__TASK TO CARRY OUT__. Begin the copy at the line containing "Upholstered Light Yellow" in the data below and end it at the line containing "Ang 108M test tower", keeping each line exact and leaving out pictures.

*** AVAILABLE DATA Section Begins ***

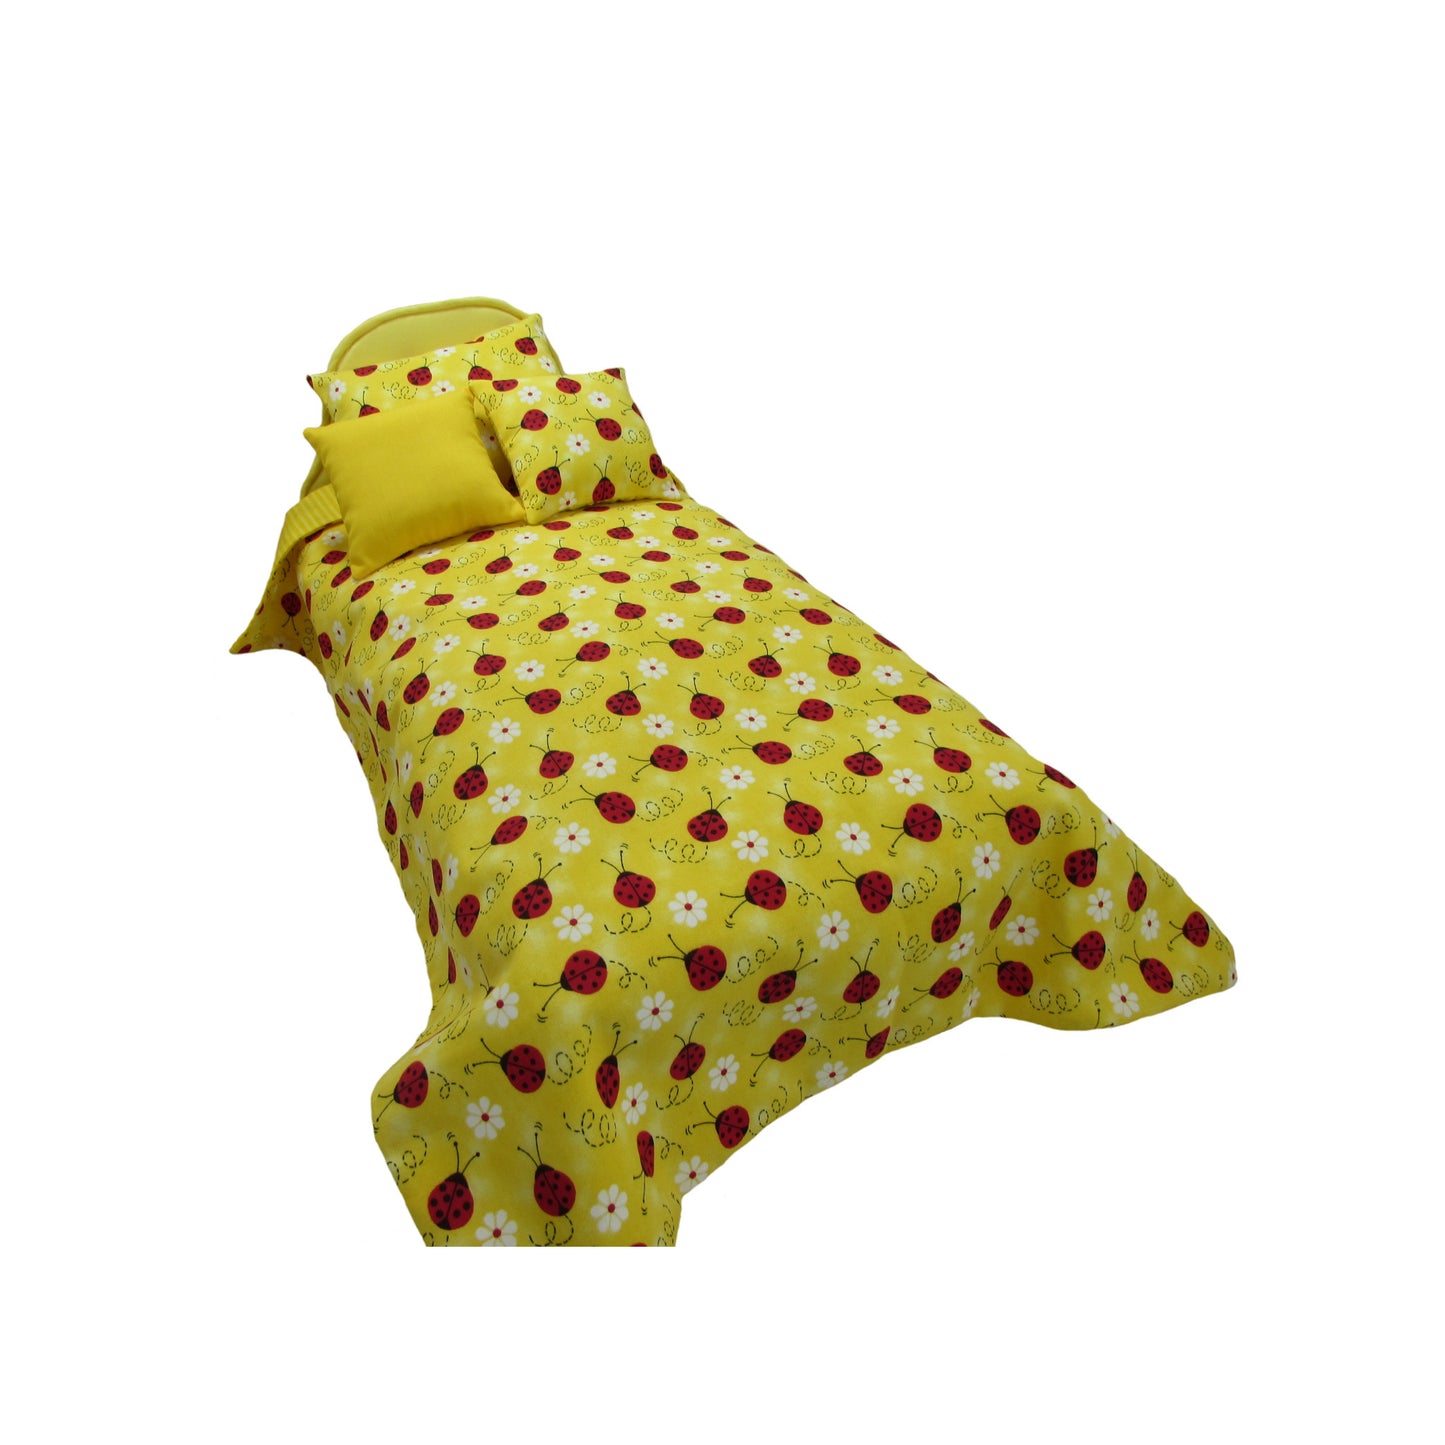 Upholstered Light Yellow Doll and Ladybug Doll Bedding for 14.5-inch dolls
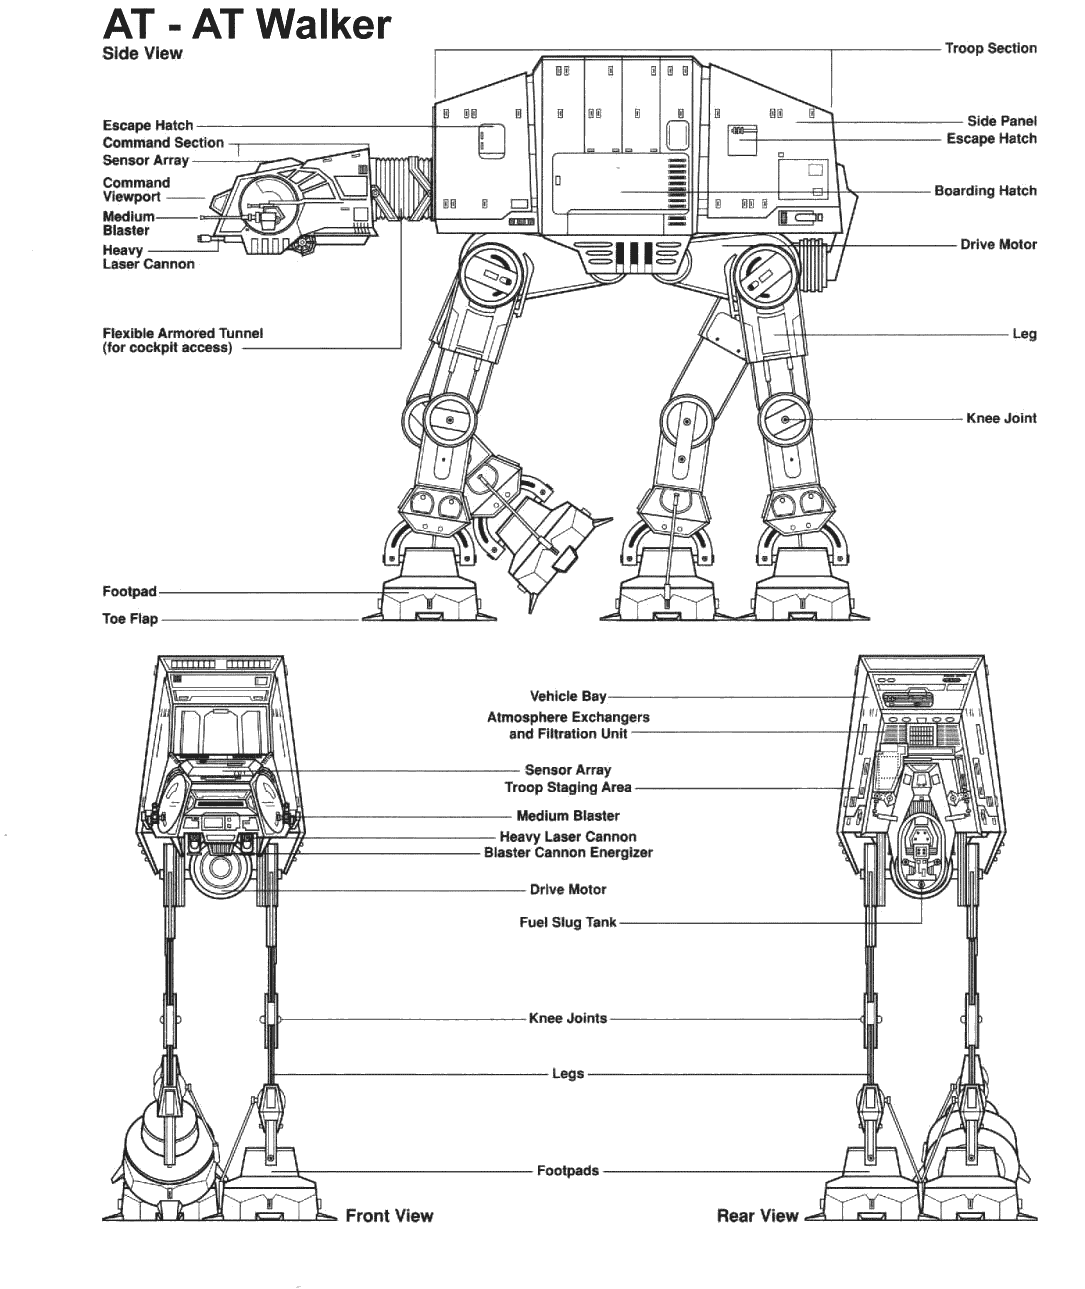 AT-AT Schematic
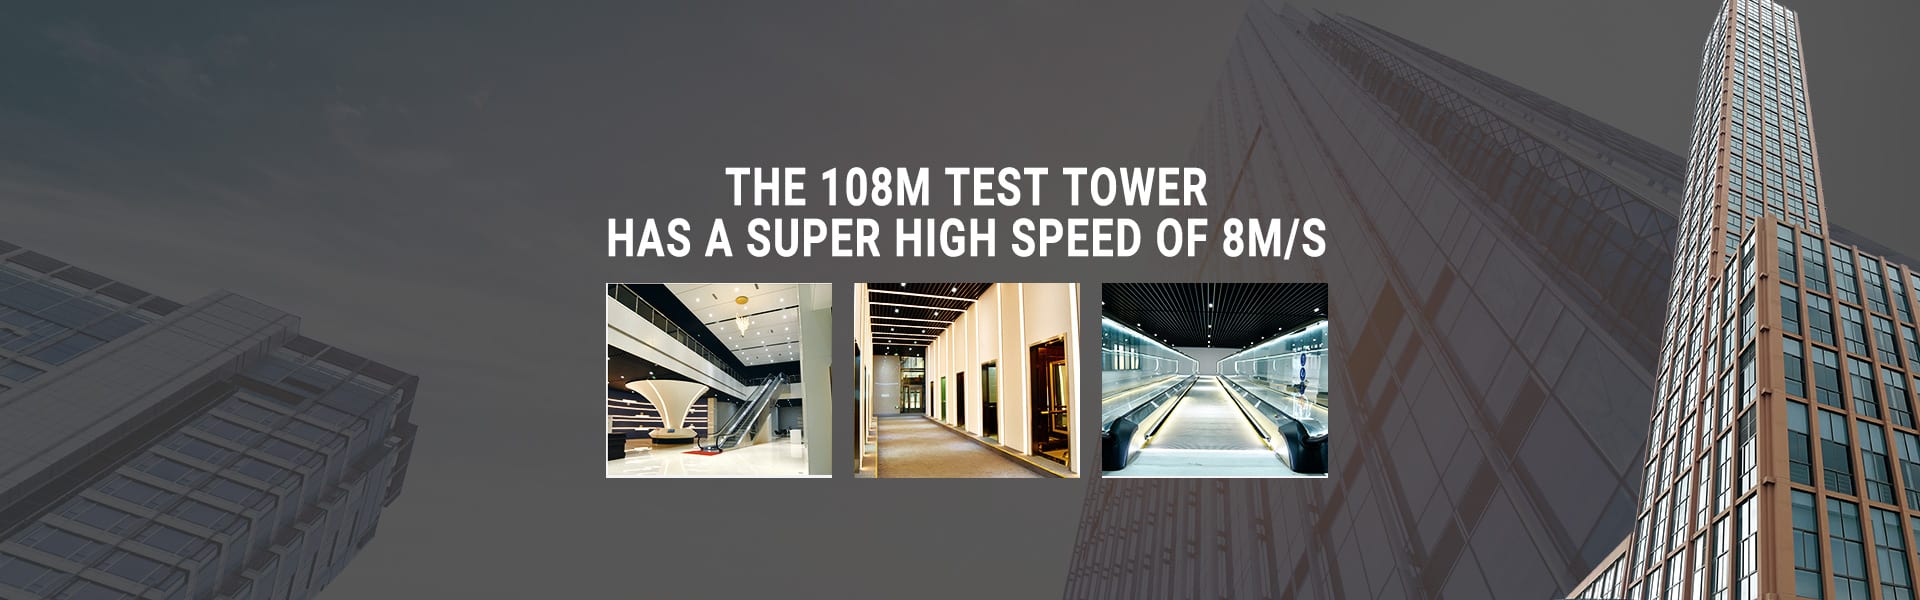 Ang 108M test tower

*** AVAILABLE DATA Section Ends ***
*** AVAILABLE DATA Section Begins ***

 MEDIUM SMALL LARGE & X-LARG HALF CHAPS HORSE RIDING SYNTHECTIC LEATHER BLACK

*** AVAILABLE DATA Section Ends ***

__ANSWER TO THE PROBLEM__.
 Upholstered Light Yellow Doll and Ladybug Doll Bedding for 14.5-inch dolls
 AT-AT Schematic
 Ang 108M test tower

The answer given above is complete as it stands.